Our Data Visualization Basics
A Data Visualization Primer
Let’s look at some data visualization basics. In today’s technologically advanced age, we are overwhelmed with data every day – not all of it necessarily useful. Having a hold of data is a treasure, but what is treasure if you can’t invest in it?
The process of data visualization aims to make sense of information, which in turn can be used to shape and direct future decisions. Molding that information into something comprehensible and legible can be difficult, requiring precision and analysis that comes with experience and general know-how.
So you want to dive deep into the data viz world – where to start? Let’s break it down into its simplest elements, shall we?

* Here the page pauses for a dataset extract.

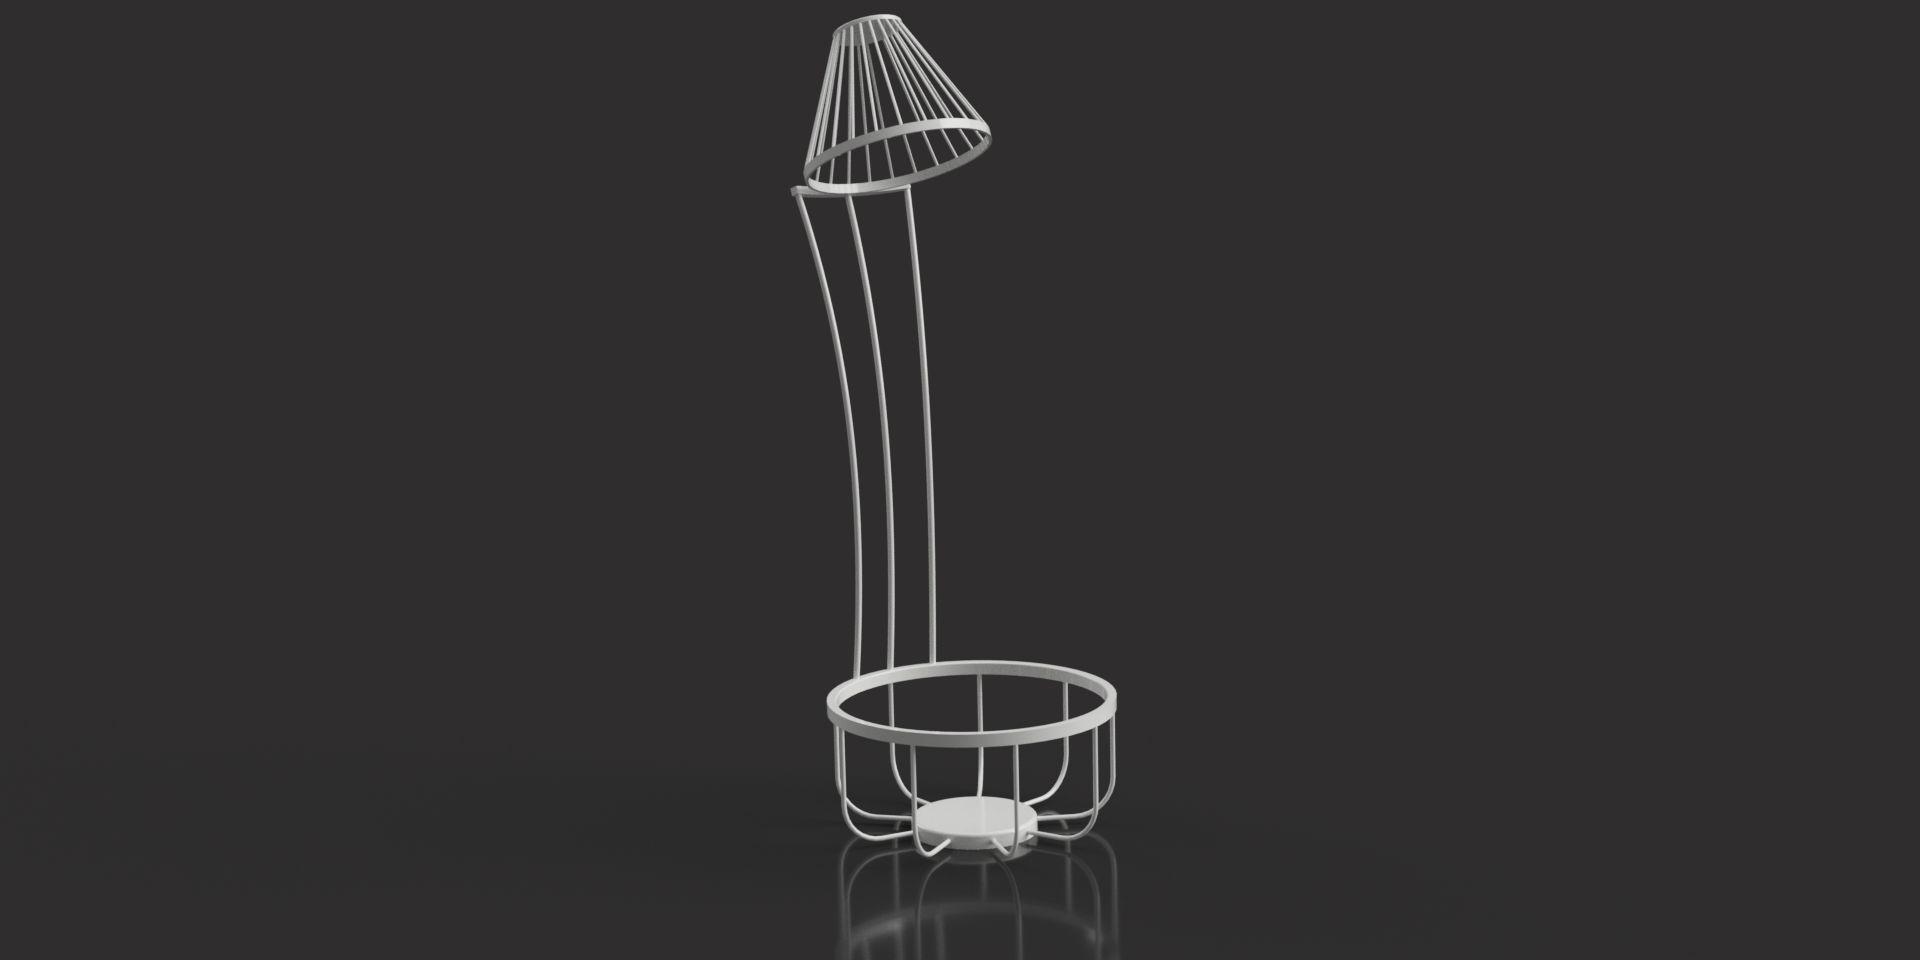 Lumini-apple-v1-3500-3500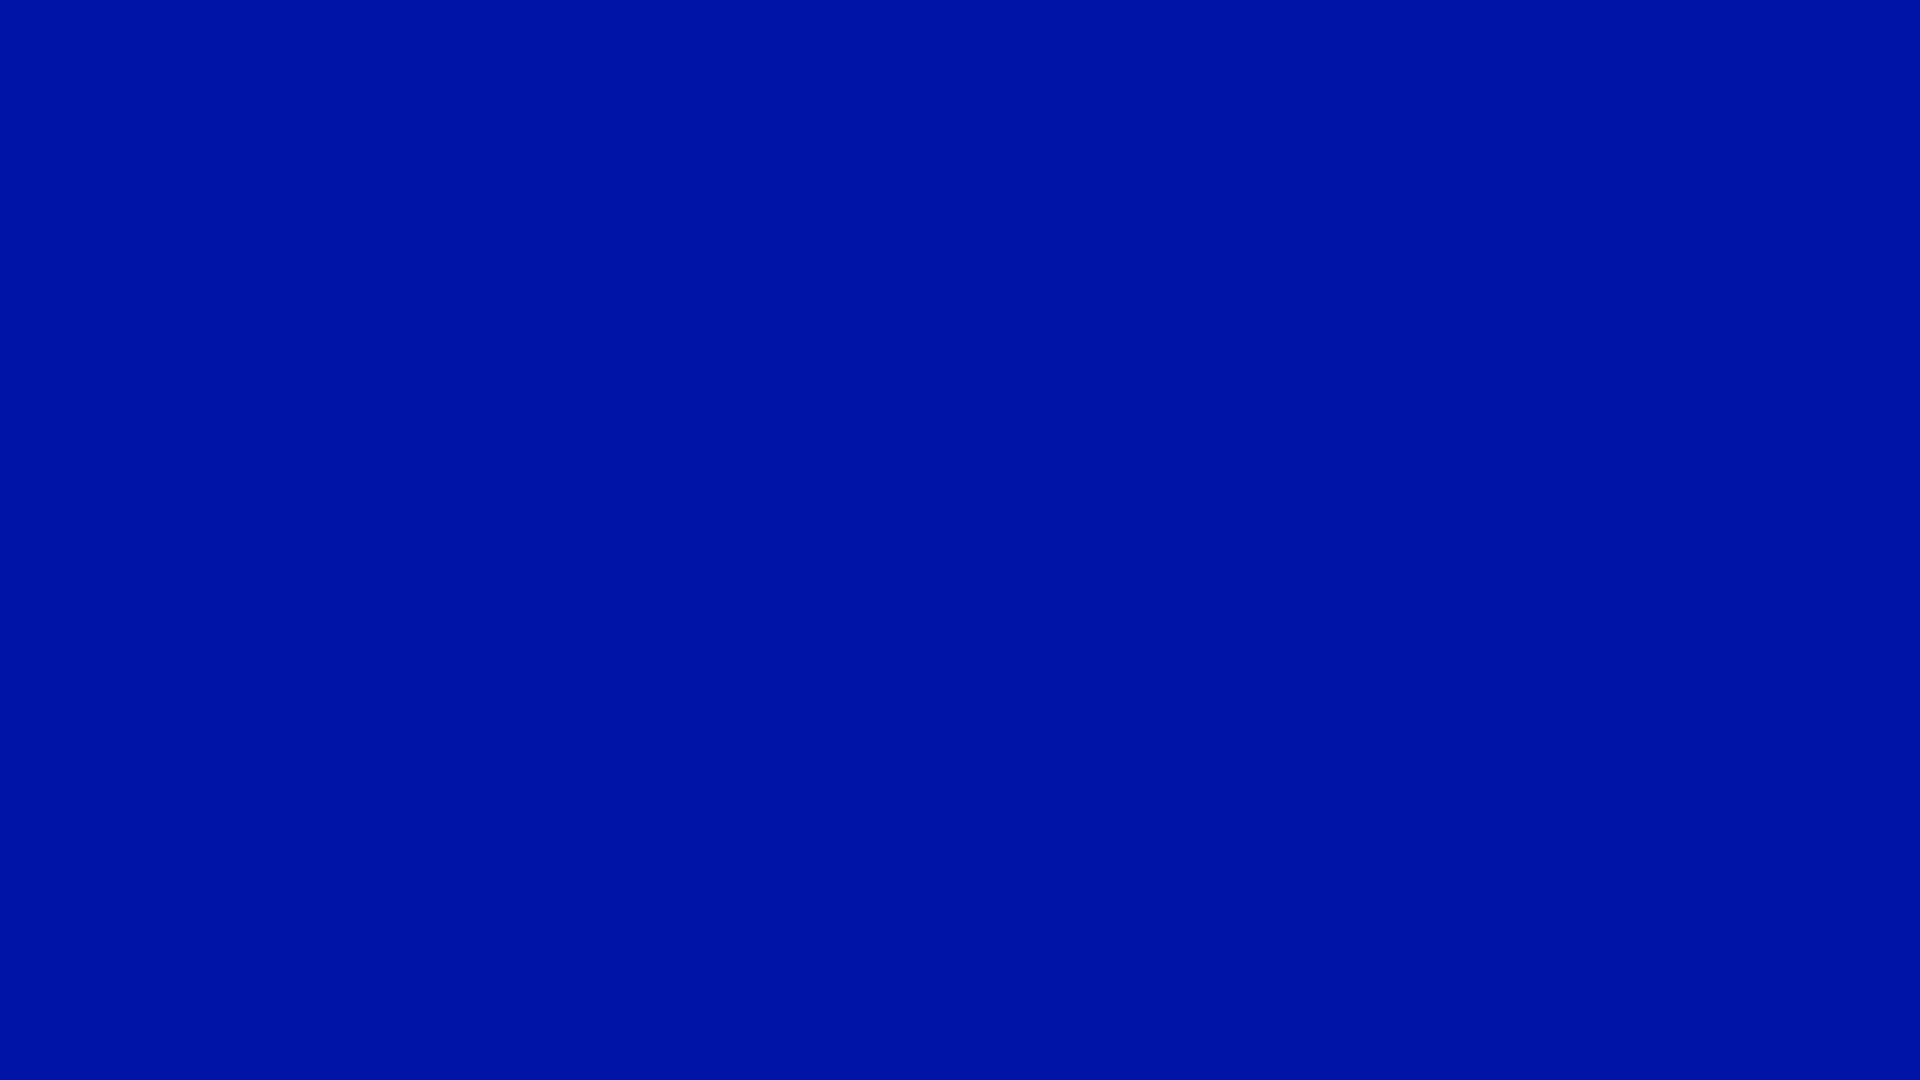 1920x1080 Zaffre Solid Color Background

What are the Basic Types of Charts and How Do I Use Them?
A dashboard is made out of charts of various types, each has its own use cases. Think of a chart like a canvas – the right one can enhance your data, depending on what sort of message you want to convey. Below is a general guideline for different chart types and their best practices.
Used to show comparison over time or amongst different items. It is simple, succinct, and to the point. Use consistent colors throughout the columns to avoid confusing readers, utilizing accent colors to highlight meaningful data points. To reflect the values appropriately, start the y-axis at 0.
A line graph reveals continuous data, showing trends and progress over time. Multiple data sets can be shown through different plots, differentiated through contrasting coloured lines. Avoid having too many data sets/lines as it can be confusing to read.
Think of dual-axis chart as the love-child of line and column charts. This type of chart allows you to plot based on two y-axes figures and a single x-axis, meaning you can visualize a correlation – or lack thereof – between three data sets. For best practice, use contrasting colors and different graphic styles between data sets to distinctly differentiate them.
Stacked Bar Chart
A cousin of the column chart, stacked bar charts are like a column chart, with the addition of showing the variables that make up a column. This illustrates a part-to-whole relationship for each data sets over time. Use contrasting colours for each variable for clarity.
A mekko chart, also known as Marimekko chart, is similar to a stacked bar, except the x-axis can capture numerous dimensions, rather than just a progression of time. Each bar can contain multiple composite values. For best practice, use a color gradient for each stacked bar to represent its correlation to one another, and organize the placement of sets in such a way to expose a relevant trend.
Who’s never heard of a pie chart? Pie charts are best to show how categories represent part of a whole – a 100%. For best practice, ensure that all slices adds up to 100% and segment slices according to their size. Avoid illustrating too many categories to ensure differentiation between each slice.
What’s a Dashboard?
In a nutshell, a dashboard displays aggregated information in a visual and digestible way. There are basic types of dashboards:
This type of dashboard is used to monitor a business process and track its performance against a set Key Performance Indicators (KPIs). Its data changes frequently, sometimes on a minute-by-minute basis, and is designed to be viewed multiple times a day. An example is Google Analytics that tracks website traffic.
Strategic dashboards are often used by C-level executives to track the status of the organization against KPIs. Updated on a recurring basis, it gives an overview of the business’ top-line performance in one neat page.
Analytical dashboards are smart. They analyze large volumes of data, allowing its users to forecast future trends and discover insights. An analytical dashboard is a powerful reporting tool, meant to help organizations make better informed, data-driven decisions based on insights into historical data. This type of dashboard can often be found in business intelligence tools, typically designed by seasoned data analysts.
Phew – not too complicated is it?
To get started on your data viz journey, it is important to look at the data present and define the need. Only then we can decide what type of charts and dashboard is needed to best represent the desired outcome, adding in narrative, interactivity, and analytical calculations into the mix.
Keep to the basics in data visualization and you’ll never go wrong.